🐍 Python - Kiwilytics Project

This repository contains a Python project developed as part of the Kiwilytics Data Engineering Course.
The project demonstrates practical data analysis and manipulation techniques using Python and Pandas.

📘 Project Overview

The goal of this project is to perform essential data engineering tasks, including:

Handling missing values
Calculating total prices and revenues
Grouping and aggregating data
Identifying insights such as top-selling products and highest-spending customers

All tasks were implemented in a Jupyter Notebook to demonstrate the workflow clearly.

🧩 Main Tasks Performed

Data Cleaning and Handling Missing Values
- Filled missing unit_price values using the average price per product.
Feature Engineering
- Created a new column total_price by multiplying unit_price and quantity.
Revenue Calculation
- Calculated total revenue across all orders.
Data Analysis and Insights
- Identified which product has the highest total quantity sold.
- Determined which customer has the highest total spending.

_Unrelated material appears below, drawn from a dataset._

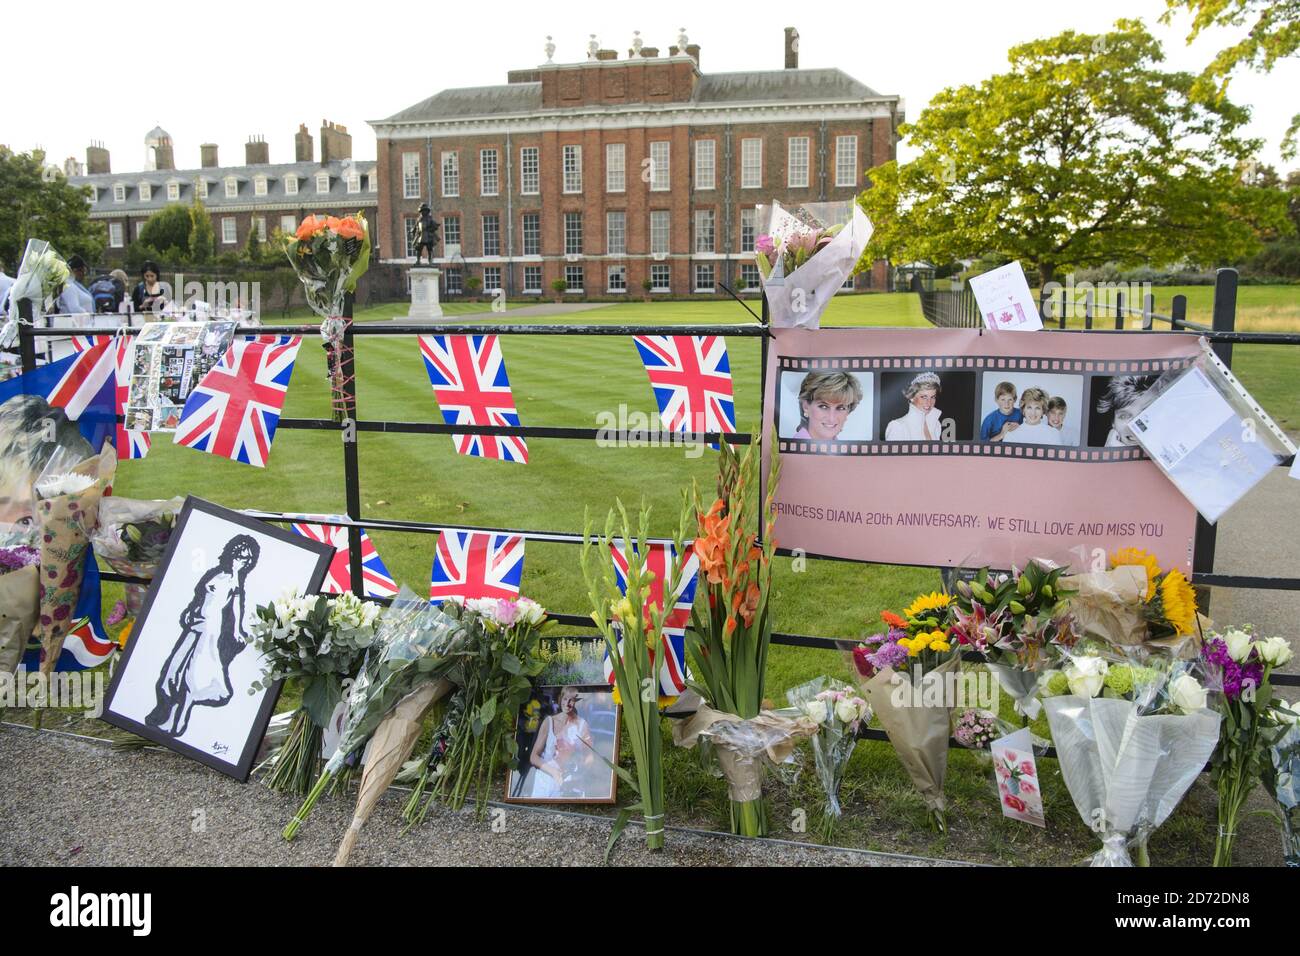 Fiori e tributi per celebrare il ventesimo anniversario della morte di Diana, principessa di Galles fuori Kensington Palace, a Londra. Data immagine: Giovedì 31 agosto, 2017. Il credito fotografico dovrebbe essere: Matt Crossick/ EMPICS Entertainment. Foto Stock

🛠️ Tools and Libraries Used

Python 3
Pandas
Jupyter Notebook

🧠 Skills Demonstrated

Data cleaning and transformation
Use of groupby(), fillna(), and transform() in Pandas
Logical problem solving for real-world data engineering tasks

🧩 Dataset

The dataset used in this project is stored in the /data folder: data/kiwilytics_orders.csv

📝 The dataset was provided by the course instructors for educational purposes and does not contain any real or sensitive information.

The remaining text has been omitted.